But this is a fraction of what girls/women who undergo FGM face: excruciating pain from the moment of cutting (without anaesthesia, unlike in the modern practice of male circumcision), and a lifetime of painful urination, on/off urinary tract infections, inflammation of the bladder due to urine retention, painful menstruation due to blood retention in the uterus, severe pain during sexual intercourse, prolonged labour due to loss of elasticity of the vaginal canal, fistula due to rapturing of the vagina and/or uterus during childbirth, and even death. Incomparable to the healing process of circumcised males which generally takes couple of weeks, using local herbs and/or western medicine to numb the pain, hasten the process, and ward off infections.

This is why women world over continue fighting to end this inhumane, barbaric practice. We also recognize that the ultimate beneficiary of all genital cutting, particularly that which is culturally-mandated, is the class of men.
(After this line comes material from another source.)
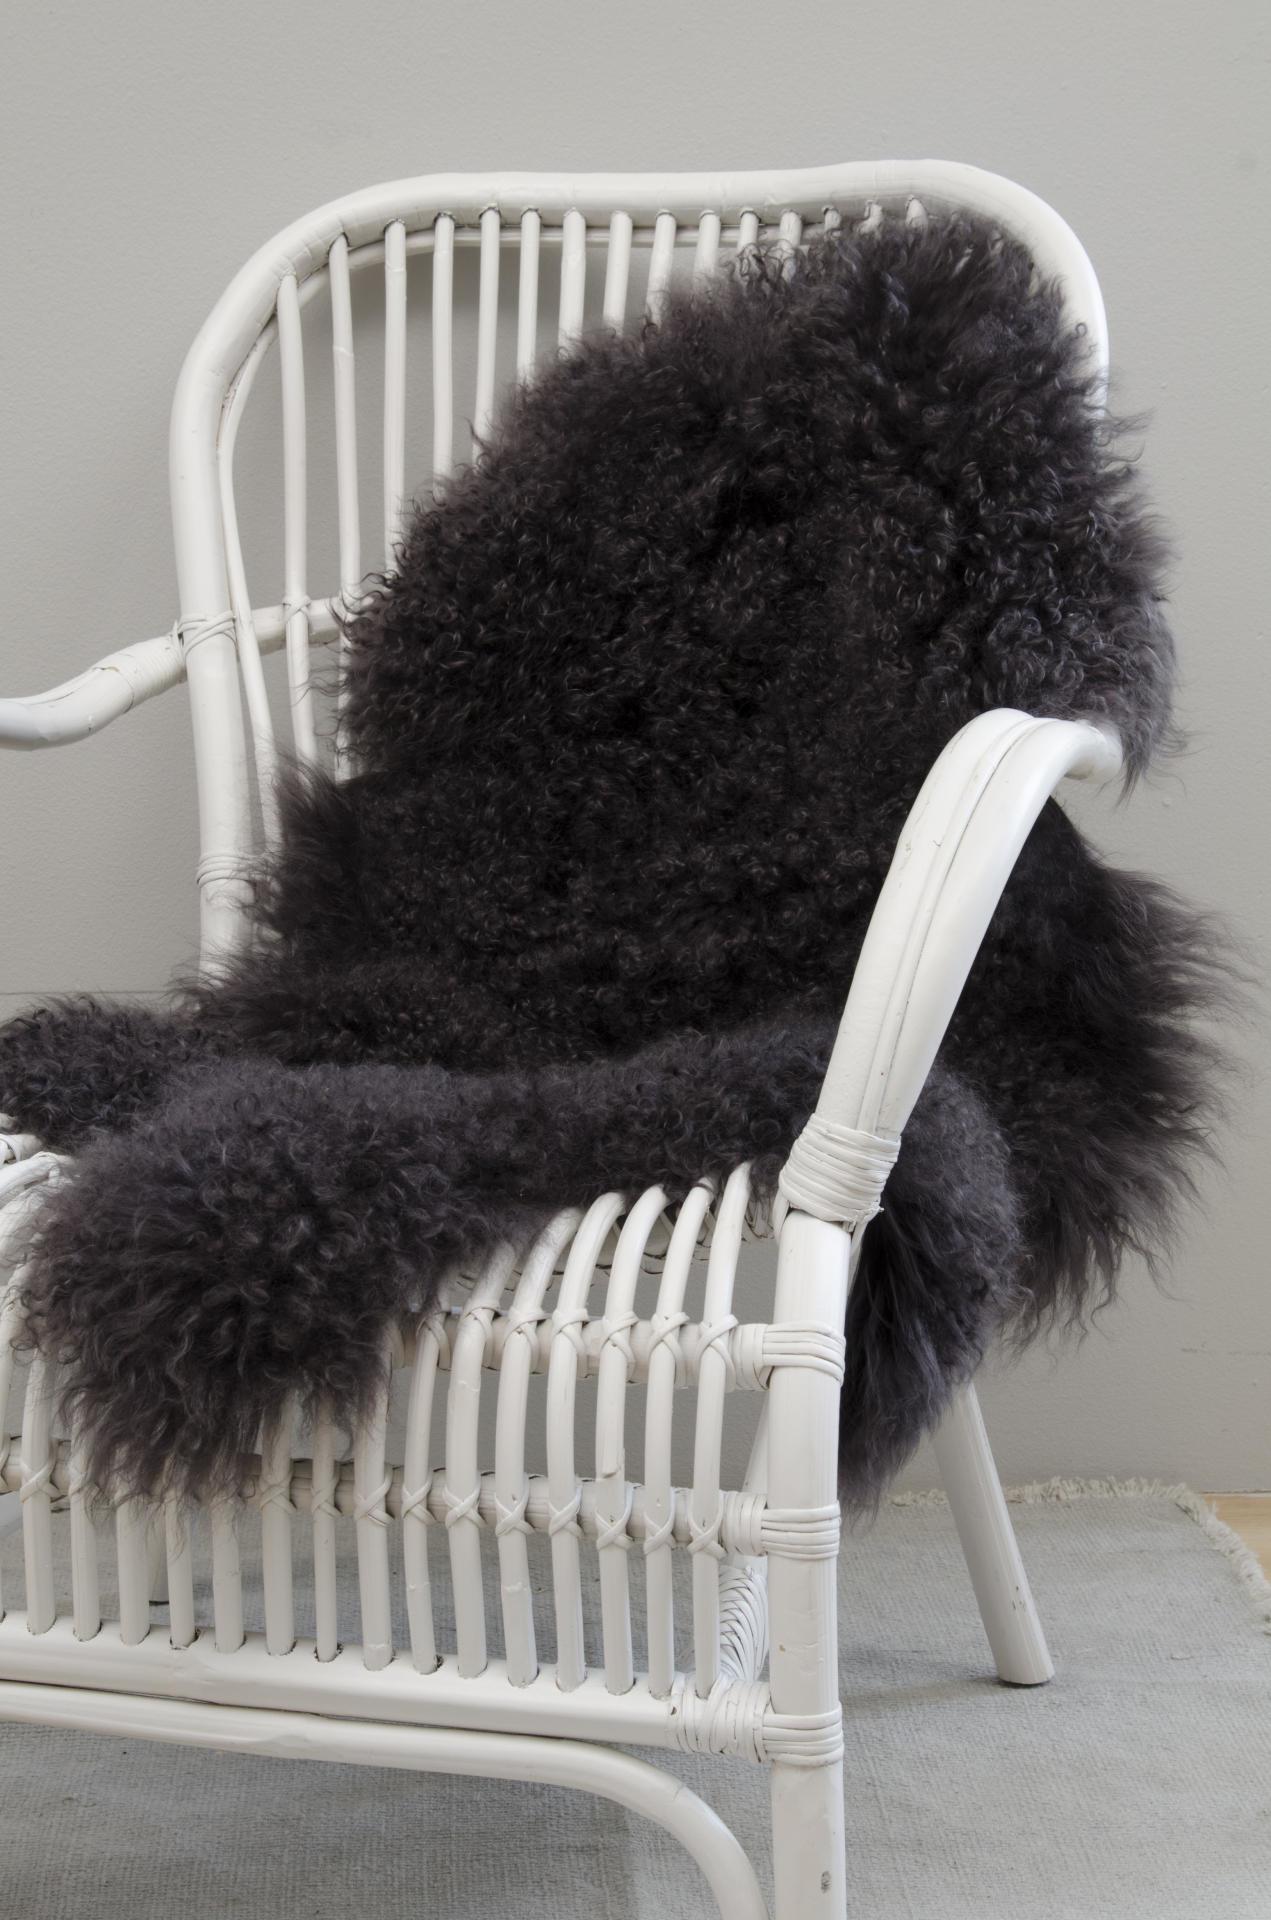 IB LAURSEN Tibetská ovčí kožešina Dark grey, šedá barva, kožešina Šedá

When male children are promoted into manhood through circumcision, continuing male subjugation of girls/women in the footsteps of their forefathers, it is men who benefit and women who pay the price.

When male children are valued over female children, so much so that they are prime offering for sacrifice – as done by biblical patriarchs – it is boys who pay  the price and men who benefit from it.

As they do when circumcised to reduce their chance of being infected with HIV, even as male violence places women at higher risk of infection, with females aged 15-24  (who, according to UNAIDS, account for 75% of infections in sub-Saharan Africa) three times more likely to be infected than boys/men of the same age.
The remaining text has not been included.